Nutritional treatment and adapted physical exercise are the initial treatment for women with gestational diabetes (GD) and those with pregestational T2DM. However, when these measures are insufficient to achieve and maintain adequate glycemic control, insulin is the drug of choice to treat hyperglycemia during pregnancy (23).

Personalized medicine for different phenotypes of patients with T2DM

Several studies have identified phenotypes or clusters of patients with T2DM characterized by severe insulin deficiency. The insulinopenic phenotype shares similarities with the autoimmune diabetes phenotype (younger age, lower body mass index [BMI], poorer metabolic control, and greater glycemic variability) but does not show autoantibodies. This group of patients often has higher levels of glycated hemoglobin (HbA1c), a high incidence of ketoacidosis, early development of diabetic retinopathy, a high prevalence of diabetic neuropathy, and a greater risk of macrovascular complications and diabetic kidney disease (24).

In studies conducted in the Asian population, a higher prevalence of patients with T2DM with severe insulinopenia has been observed, with insulin treatment in early stages, lower β-cell function, lower insulin resistance, and lower BMI, especially among the Indian and Chinese populations compared to the European population. This patient cohort exhibits a more aggressive disease progression and a higher risk of complications (25).

While we do not have prospective studies exploring the initial choice of pharmacological treatment based on different groups, the proposed new phenotypes of T2DM provide new perspectives for personalized treatments based on a better understanding of the pathophysiology (10). Based on the described findings, it is expected that in certain patient subgroups, earlier initiation of insulin treatment may be crucial to improving control and preventing acute and chronic complications associated with diabetes.

When and how to initiate insulin therapy in people with type 2 diabetes? current recommendations according to different clinical guidelines

The consensus report from the American Diabetes Association (ADA) and the European Association for the Study of Diabetes (EASD), titled “Management of Hyperglycemia in Type 2 Diabetes”, recommends a holistic, multifactorial, and patient-centered approach to diabetes care. Specific factors influencing treatment choice include individualized glycemic and weight goals, cardio-renal protection, underlying physiological factors, side effects, access, cost, and availability (3). The progressive nature of T2DM often necessitates the initiation of insulin therapy. This scenario should be explained to patients, avoiding the use of insulin as a threat or portraying it as a sign of failure. Instead, emphasis should be placed on the utility and importance of insulin in maintaining glycemic control once the disease progression renders other medications less effective. Currently, basal insulin is considered the preferred regimen following the failure of non-insulin antidiabetic drugs (3).

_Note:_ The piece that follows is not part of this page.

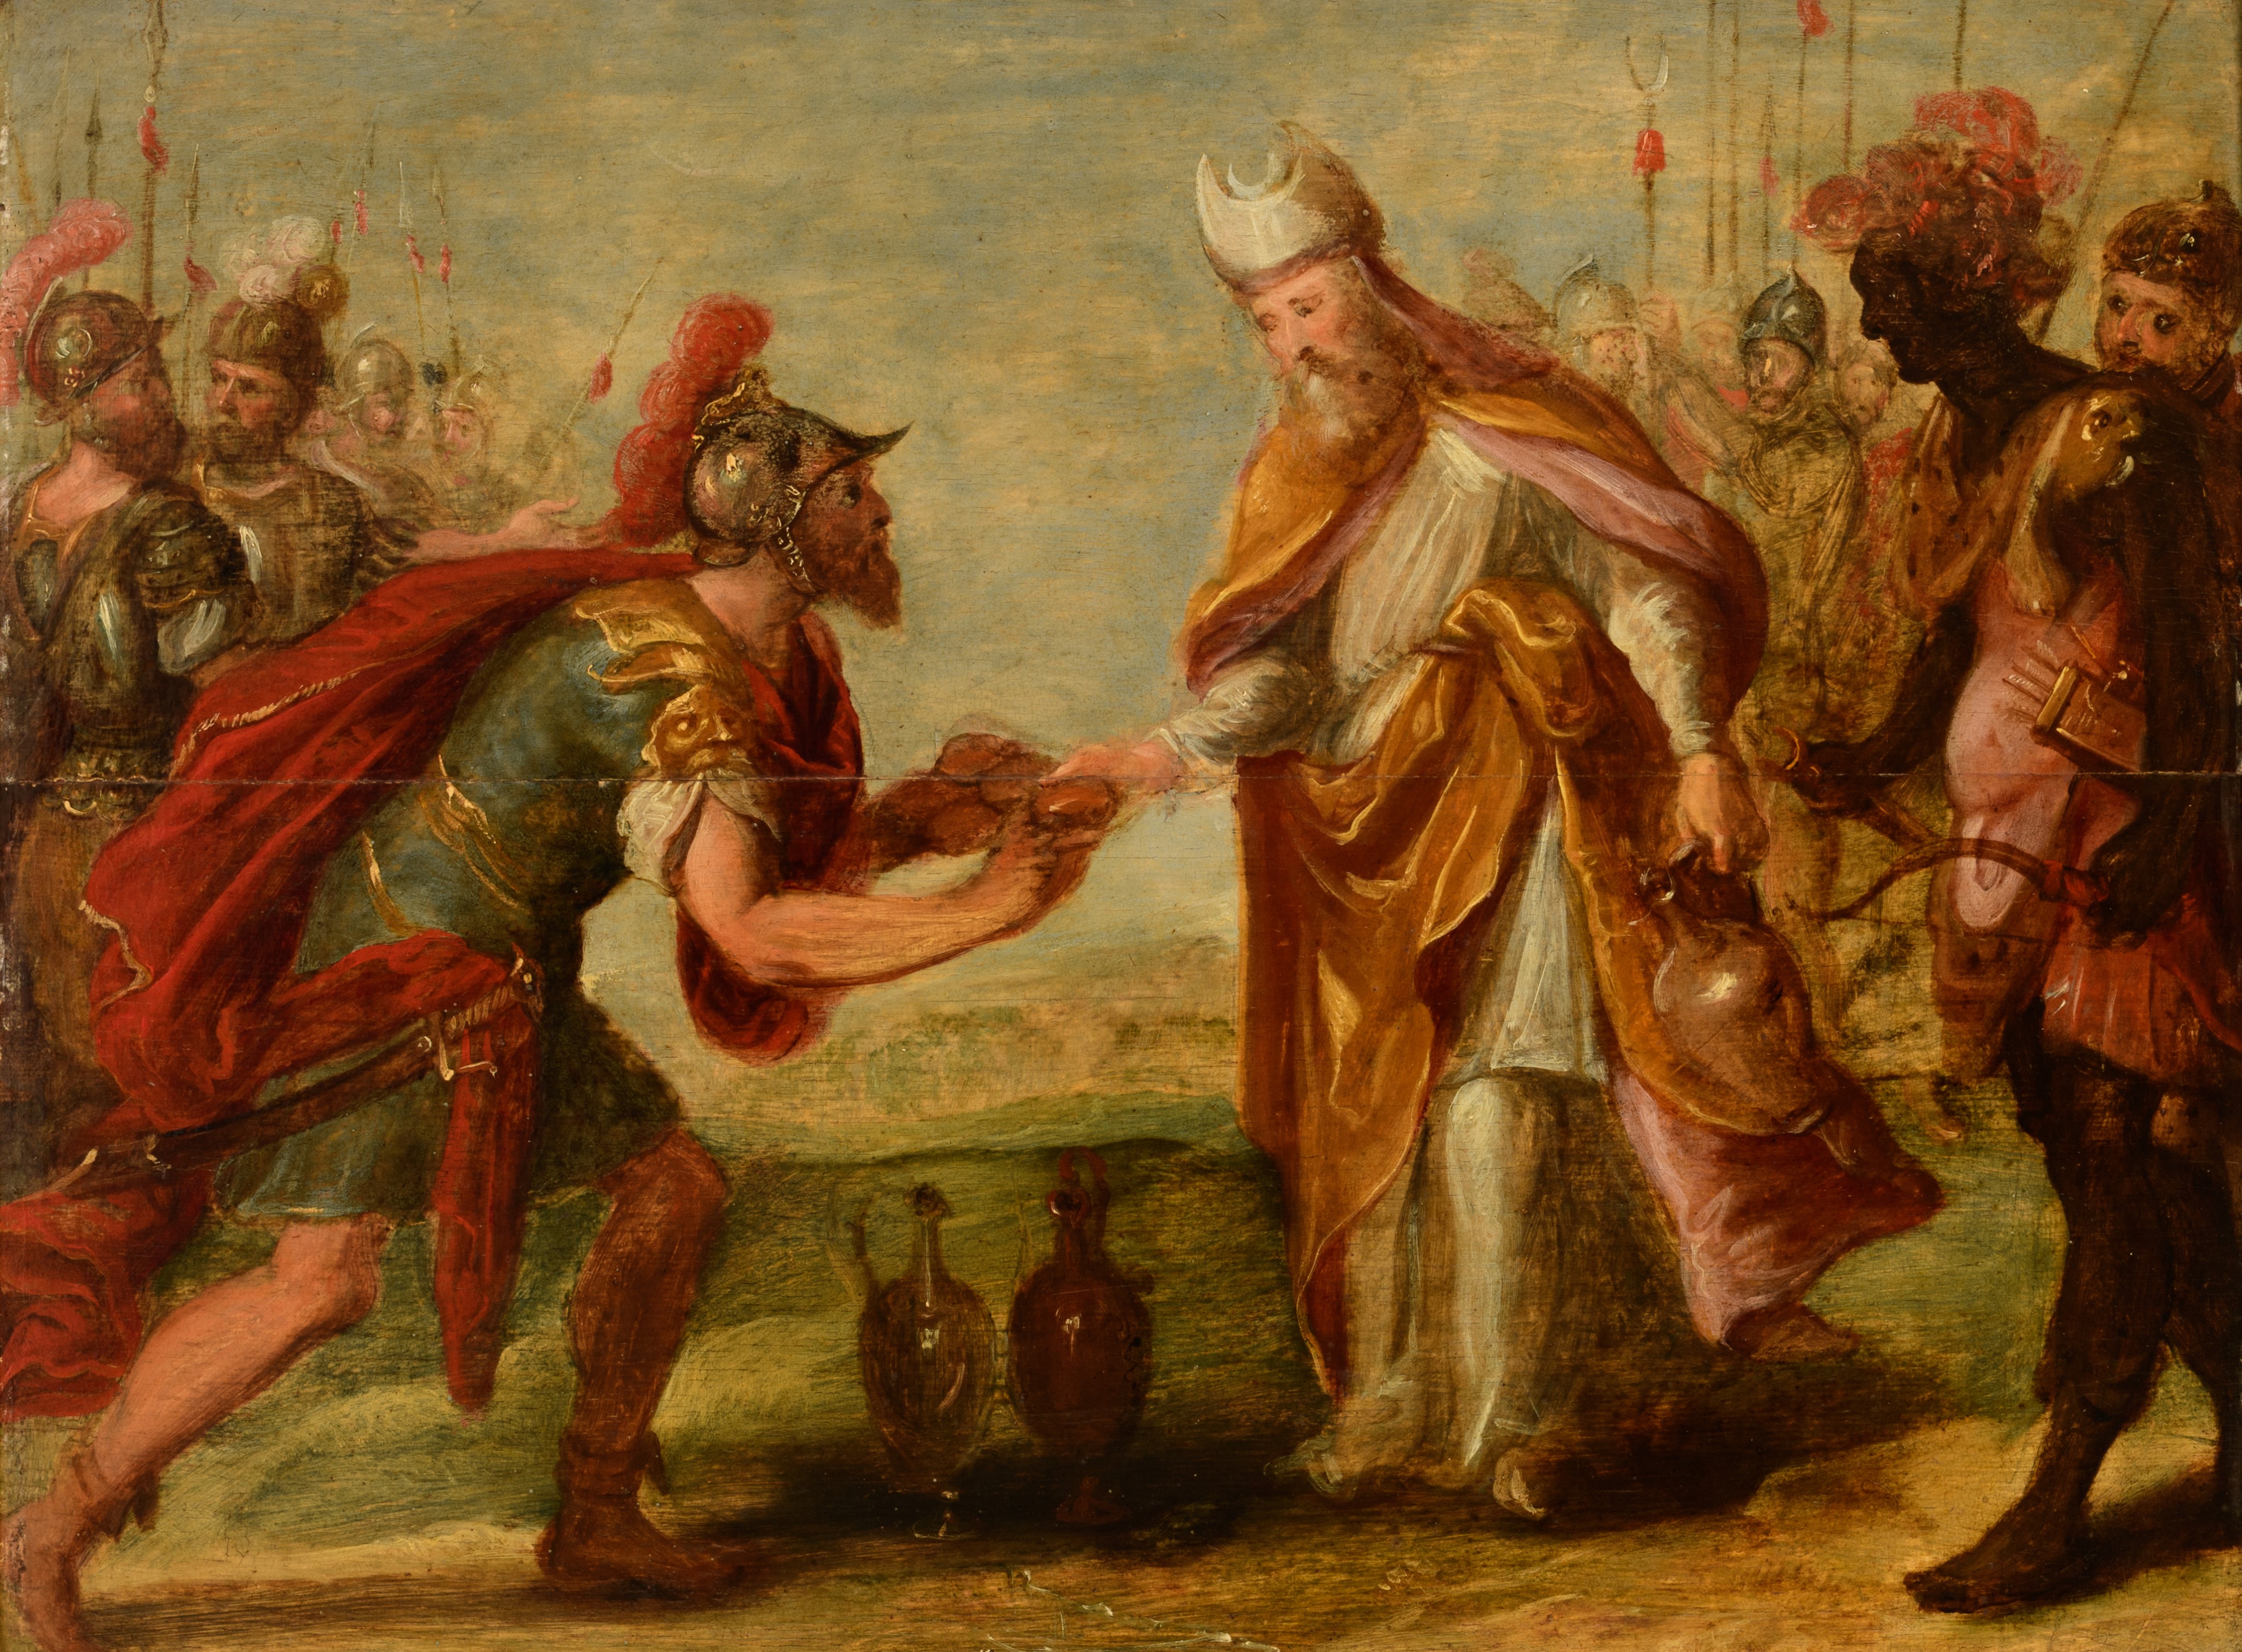 Antwerp School, 'Melchizedek and Abraham', 17thC, oil on panel, 48 x 64 cm

Determining the appropriate timing for insulin therapy initiation in people with T2DM is challenging. Traditionally, many clinical practice guidelines recommended introducing insulin based on a specific HbA1c value. However, recent consensus statements for hyperglycemia treatment in T2DM by the ADA and EASD (3) make it clear that the HbA1c target for each patient should be individualized based on multiple parameters, including the risk of hypoglycemia. This patient-centered, multifactorial approach means that a single HbA1c value cannot be considered an adequate indicator of the need to start insulin therapy. The timing for initiating this therapy will depend on each patient’s characteristics, including age, duration of diabetes, weight, risk of hypoglycemia, etc. (3).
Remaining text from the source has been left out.